Allele frequency was 0.31–0.34 in Japanese, just as observed in European subjects, and the CC genotype was also associated with severe obesity in Japanese, as previously reported (Herbert et al. 2006; Hall et al. 2006; Lyon et al. 2007; Liu et al. 2008). However, CC genotype was not significantly associated with BMI in obese and control groups, although CC homozygotes had higher BMI. Thus, it is possible that our study did not have sufficient power to detect the association between rs7566605 and BMI. The CC genotype would be thrifty variation and have an advantage for survival before modern times. Subjects with CC genotype would be susceptible to obesity in recent years. As a result, the number of CC homozygotes would increase in severely obese group, leading to a deviation from Hardy–Weinberg equilibrium.
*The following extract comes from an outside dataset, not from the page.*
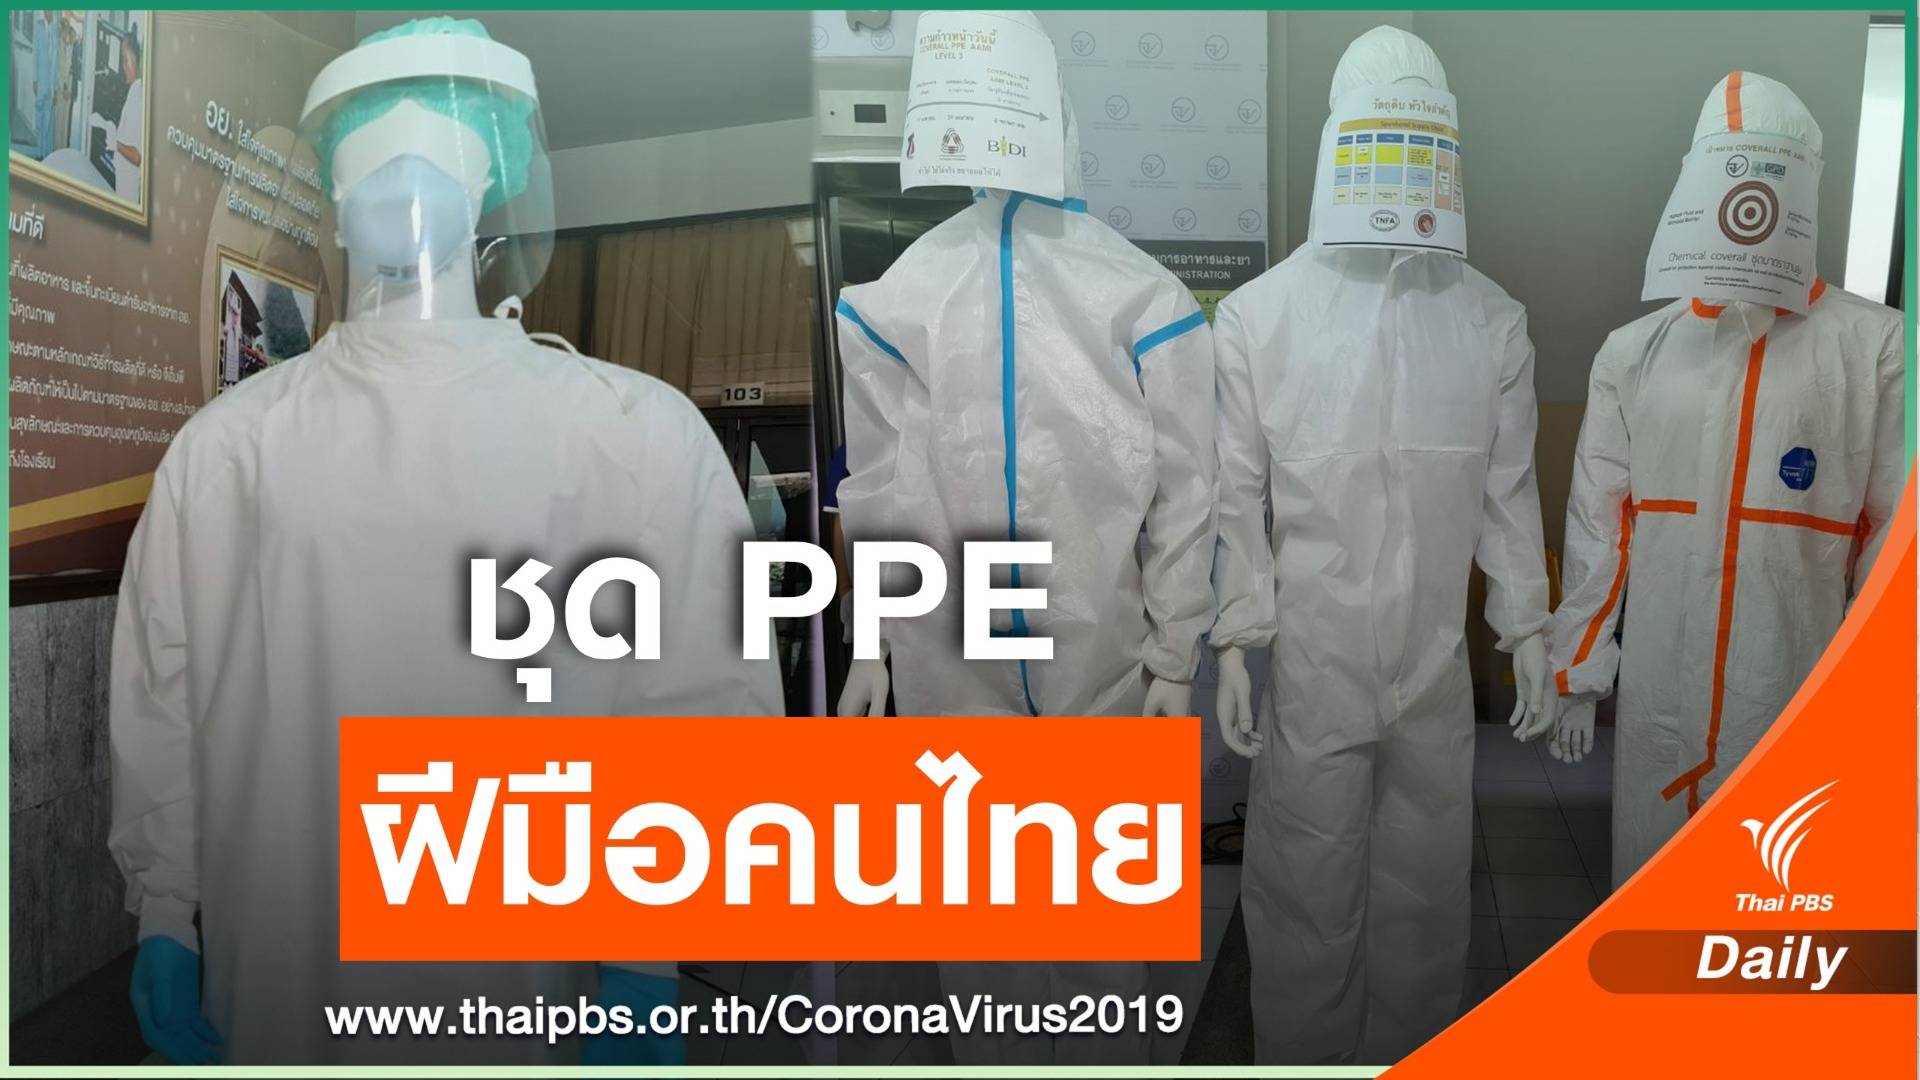 ชุด PPE ฝีมือคนไทย ให้บุคลากรทางการแพทย์ สู้ COVID-19
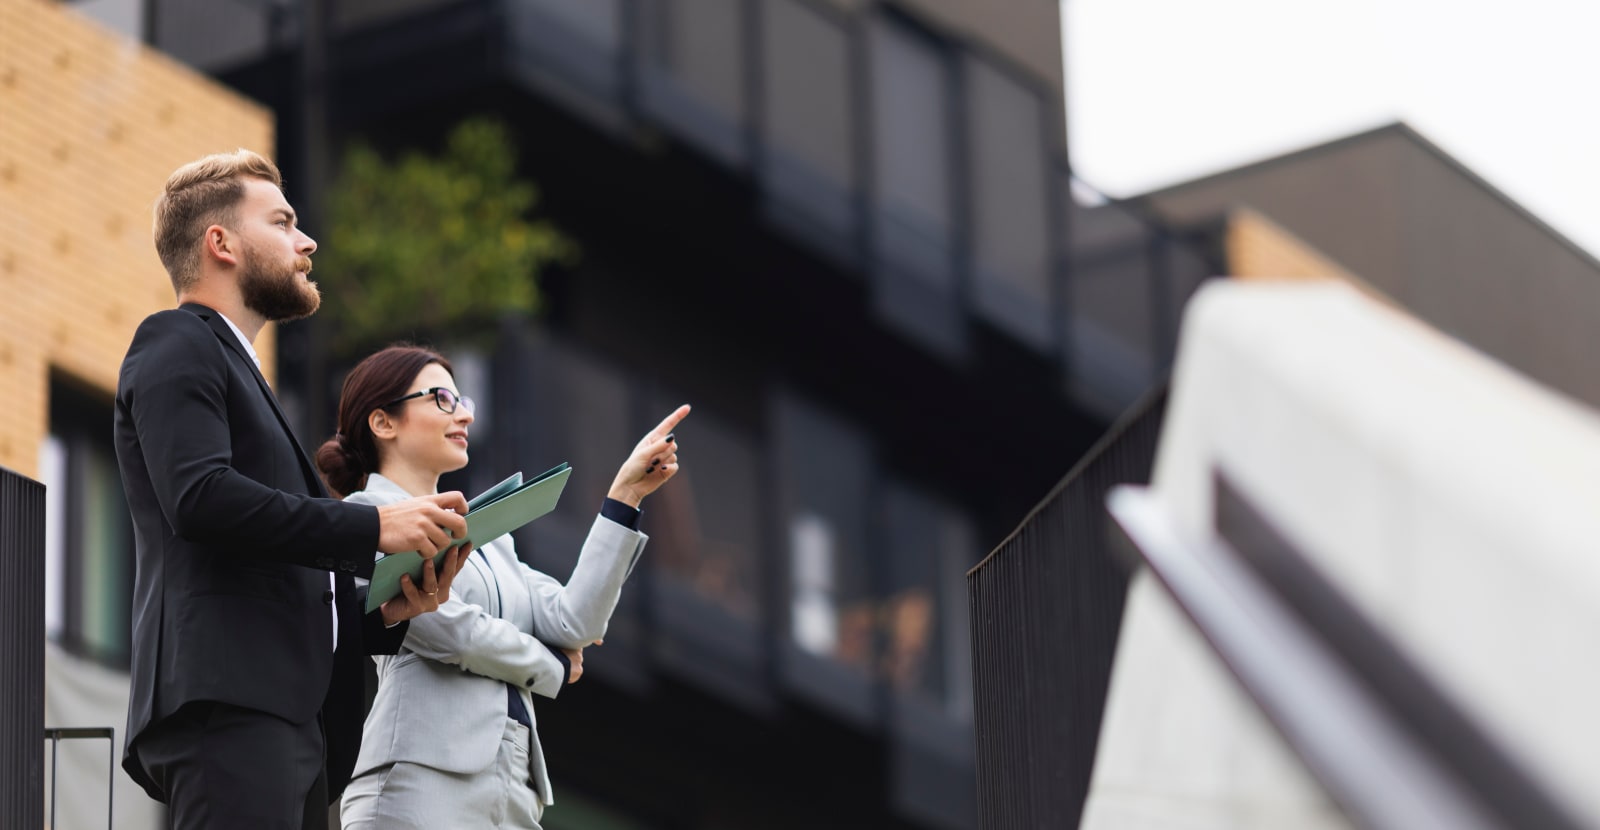 Ein Mann und eine Frau im Business-Outfit stehen draussen vor einem Gebäude, die Frau zeigt auf etwas.

Since rs7566605 exists approximately 10 kb upstream from INSIG2, SNPs may affect the transcriptional activity of INSIG2. INSIG2 is expressed ubiquitously. It was downregulated by insulin in the liver and involved in fatty acid synthesis (Yabe et al. 2003; Takaishi et al. 2004). INSIG2 also mediates feedback control of cholesterol synthesis (Goldstein et al. 2006). Although serum total cholesterol, HDL cholesterol, and triglycerides were not significantly different among genotypes, it is possible that INSIG2 is related to obesity as it affects lipid metabolism.

In summary, our study indicated that rs7566605 in the upstream region of the INSIG2 gene may influence the risk of severe obesity in Japanese.